ControlSpeech: Towards Simultaneous and Independent Zero-shot Speaker Cloning and Zero-shot Language Style Control
- URL: http://arxiv.org/abs/2406.01205v3
- Date: Wed, 04 Jun 2025 06:07:17 GMT
- Title: ControlSpeech: Towards Simultaneous and Independent Zero-shot Speaker Cloning and Zero-shot Language Style Control
- Authors: Shengpeng Ji, Qian Chen, Wen Wang, Jialong Zuo, Minghui Fang, Ziyue Jiang, Hai Huang, Zehan Wang, Xize Cheng, Siqi Zheng, Zhou Zhao,
- Abstract summary: ControlSpeech is a text-to-speech (TTS) system capable of fully cloning the speaker's voice and enabling arbitrary control and adjustment of speaking style.<n>We show that ControlSpeech exhibits comparable or state-of-the-art (SOTA) performance in terms of controllability, timbre similarity, audio quality, robustness, and generalizability.
- Score: 50.27383290553548
- License: http://arxiv.org/licenses/nonexclusive-distrib/1.0/
- Abstract: In this paper, we present ControlSpeech, a text-to-speech (TTS) system capable of fully cloning the speaker's voice and enabling arbitrary control and adjustment of speaking style. Prior zero-shot TTS models only mimic the speaker's voice without further control and adjustment capabilities while prior controllable TTS models cannot perform speaker-specific voice generation.
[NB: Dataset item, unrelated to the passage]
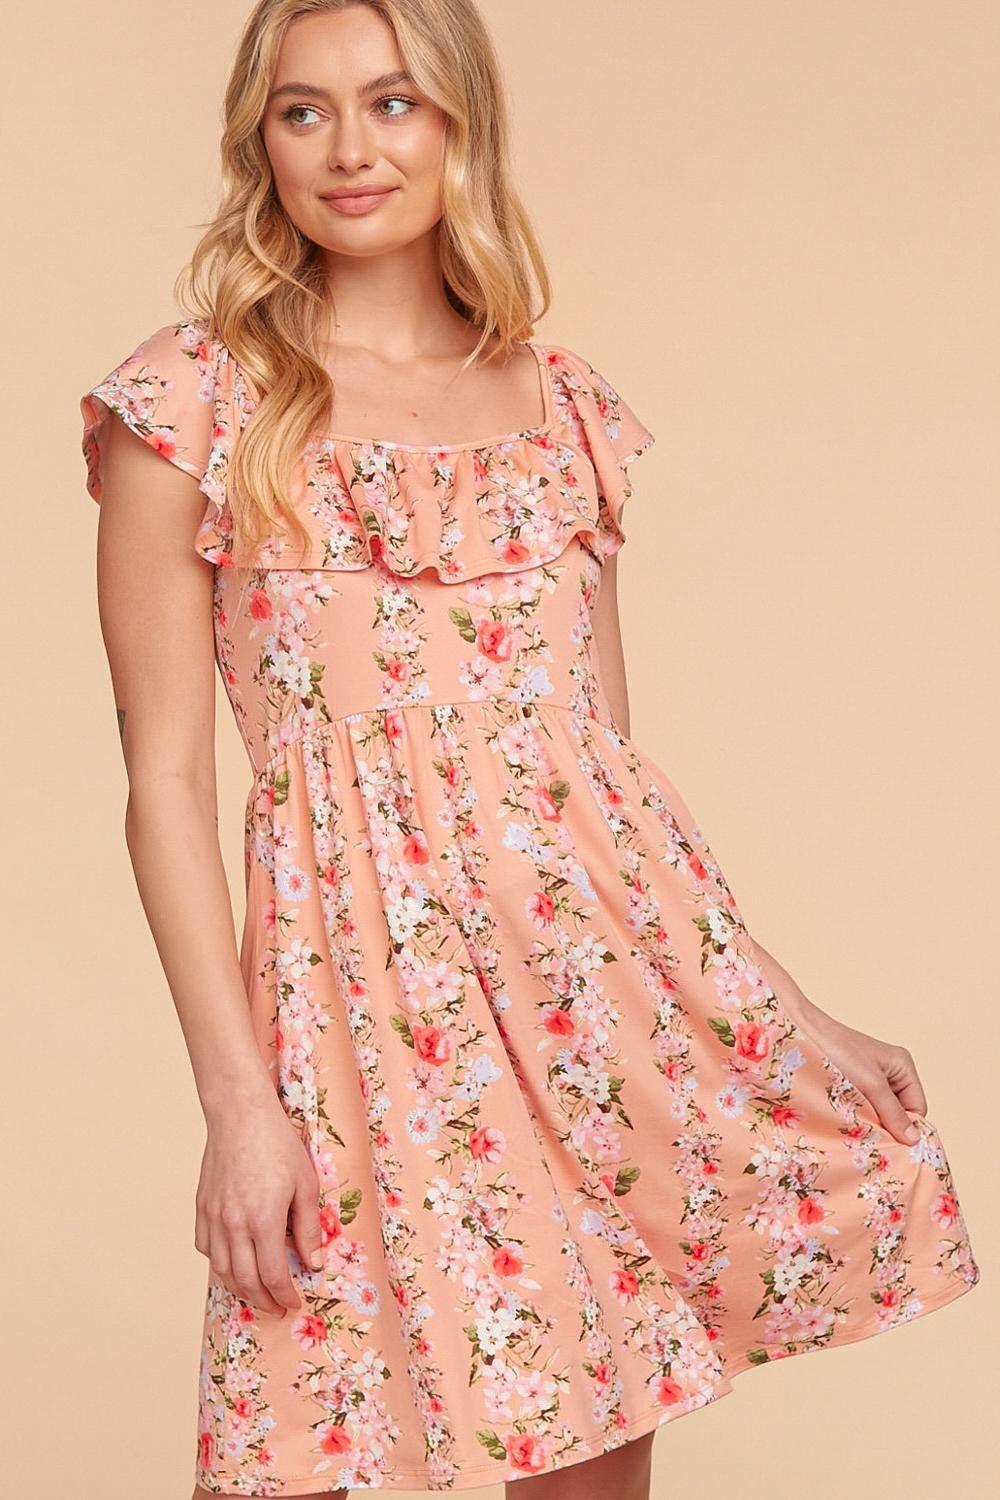 FINAL SALE - The Daphne Peach Floral Ruffled Swing Dress

Therefore, ControlSpeech focuses on a more challenging task: a TTS system with controllable timbre, content, and style at the same time. ControlSpeech takes speech prompts, content prompts, and style prompts as inputs and utilizes bidirectional attention and mask-based parallel decoding to capture codec representations corresponding to timbre, content, and style in a discrete decoupling codec space. Moreover, we analyze the many-to-many issue in textual style control and propose the Style Mixture Semantic Density (SMSD) module, which is based on Gaussian mixture density networks, to resolve this problem. To facilitate empirical validations, we make available a new style controllable dataset called VccmDataset. Our experimental results demonstrate that ControlSpeech exhibits comparable or state-of-the-art (SOTA) performance in terms of controllability, timbre similarity, audio quality, robustness, and generalizability. The relevant code and demo are available at https://github.com/jishengpeng/ControlSpeech .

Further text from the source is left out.